Roma. Campagna contro i portoghesi sugli autobus

Roma lancia una nuova campagna antievasione promossa dall’Atac dal titolo “Quelli che pagano il biglietto”. Lo spot è stato creato dal noto youtuber e fumettista SIO, realizzato in collaborazione con ARF, Festival del fumetto. Il nuovo spot viene trasmesso sugli schermi della tv della metropolitana, presenti in banchina e all’interno dei treni, sugli schermi delle tv dei bus, sul sito internet e sui canali Youtube e social di Atac, ARF Festival e Scottecs di SIO. Prevista la visione dello spot anche nelle sale cinematografiche del circuito Massimo Ferrero Cinema.

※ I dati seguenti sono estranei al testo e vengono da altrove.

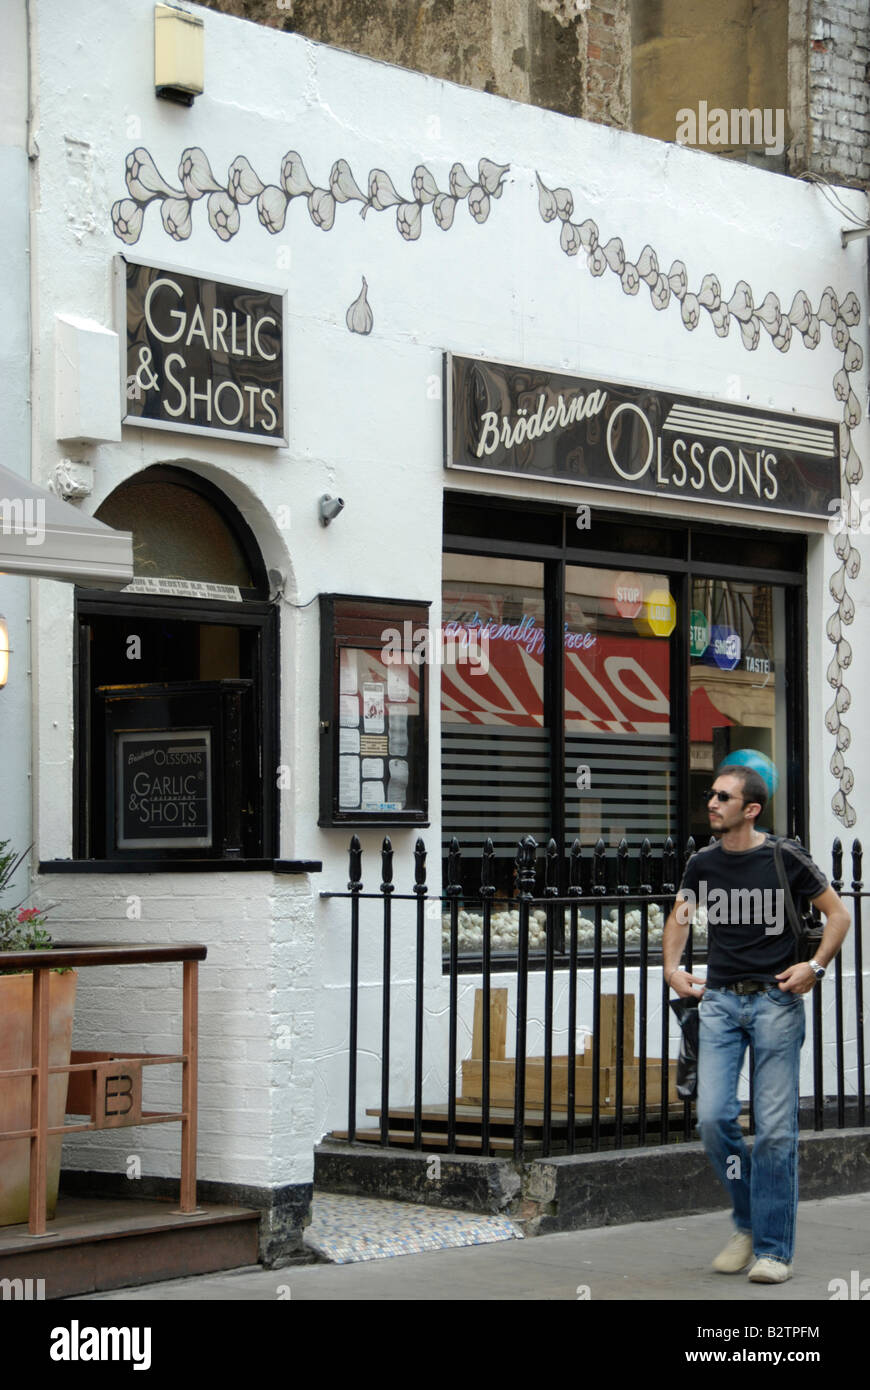 Knoblauch und Schüsse schwedische Restaurant in Greek Street, Soho, London, England Stockfoto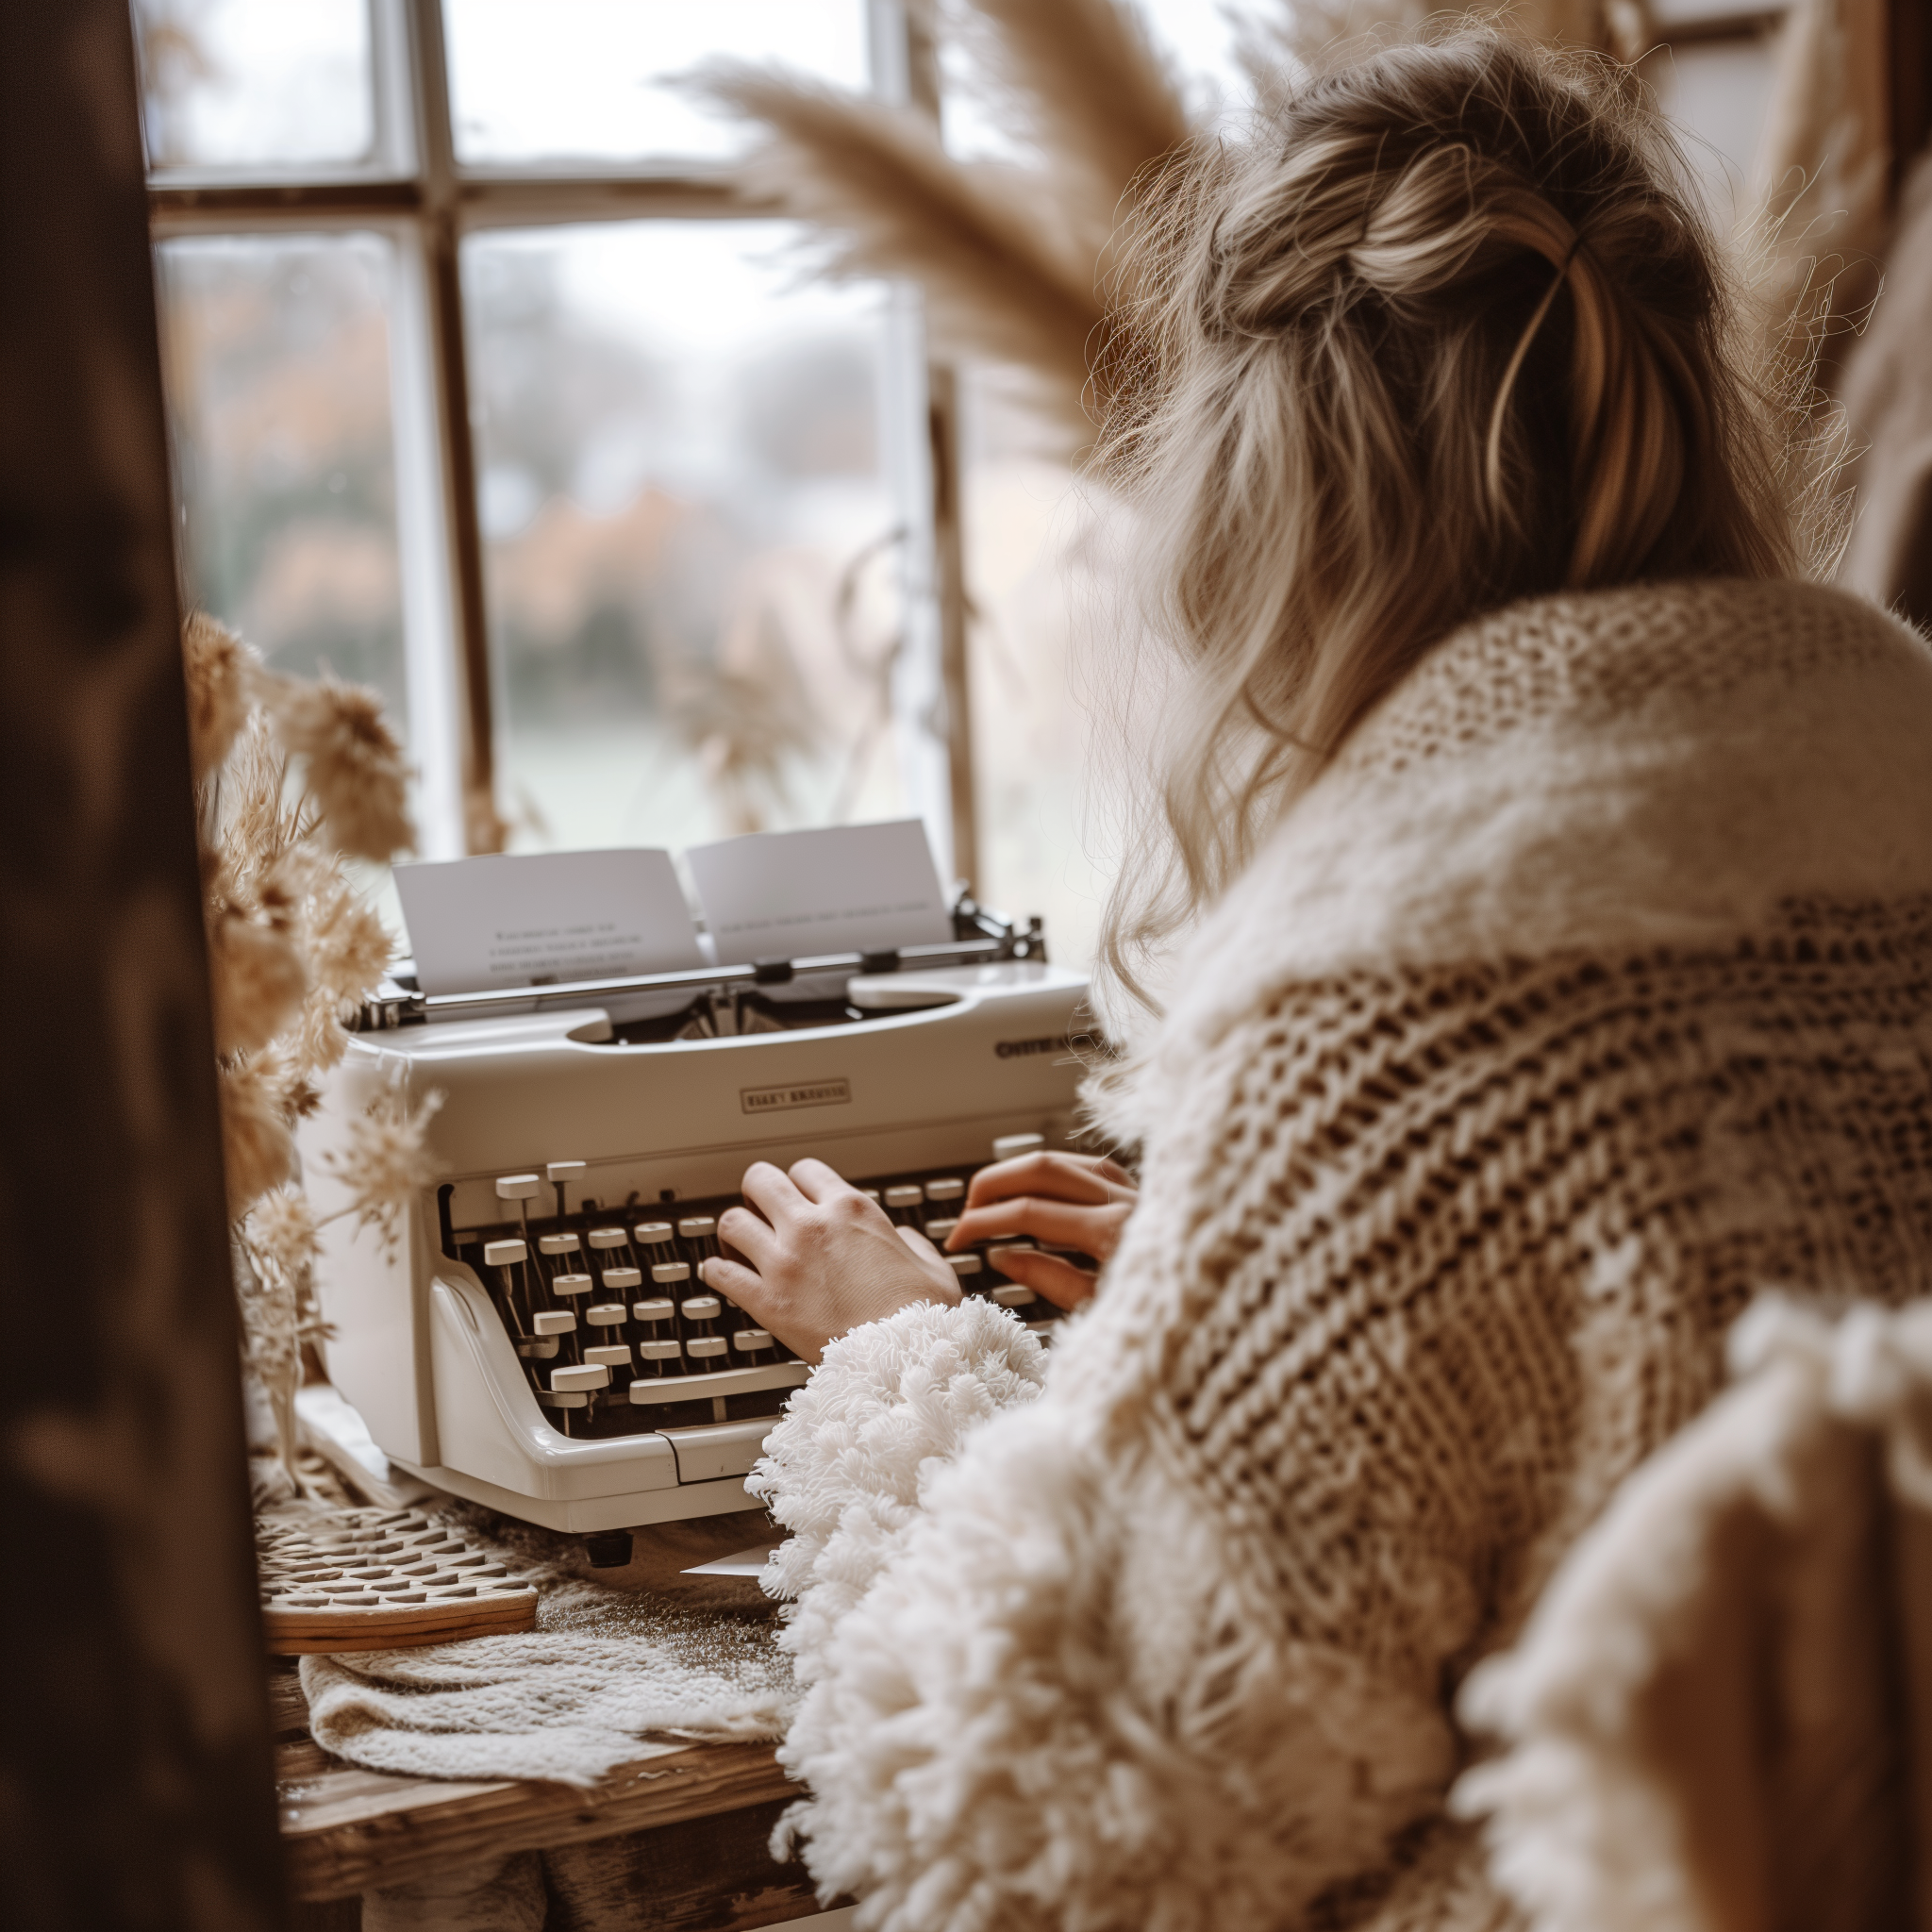 Una persona utilizando una máquina de escribir | Fuente: Midjourney

“Per la lotta all’evasione dobbiamo fare un balzo culturale. È necessario cambiare l’approccio e far capire ai più giovani che pagare il biglietto è un dovere di tutti per garantire un servizio di trasporto pubblico davvero efficiente. Questo significa sensibilizzare i cittadini con campagne mirate e le generazioni future, per prime”. A sostenerlo l’assessore alla Città in Movimento di Roma Capitale, Linda Meleo.

“I controlli dei verificatori sui mezzi sono continui – evidenzia l’assessora – grazie al lavoro del management aziendale prosegue senza sosta la campagna antievasione di Atac, anche i dipendenti amministrativi per 4 giorni al mese lavoreranno a fianco dei verificatori a tempo pieno per esaminare il regolare pagamento del biglietto sui bus. Si parla di 800 nuove forze in campo che, una volta completata la formazione, andranno a incrementare le task force sui mezzi”. La campagna anti portoghesi sugli autobus, in metro e su tutti i mezzi pubblici se vinta aiuta tutti. Pagare tutti (romani, turisti, persone di passaggio) è una questione culturale ma anche economica con un indubbio vantaggio per le casse della società di trasporto pubblico che così può ampliare il servizio, miglioralo e renderlo più efficiente. Pagando il biglietto ci guadagnano tutti. I furbetti vanno denunciati e punti. Se si è tentati di fare il furbo è meglio desistere nell’interesse collettivo.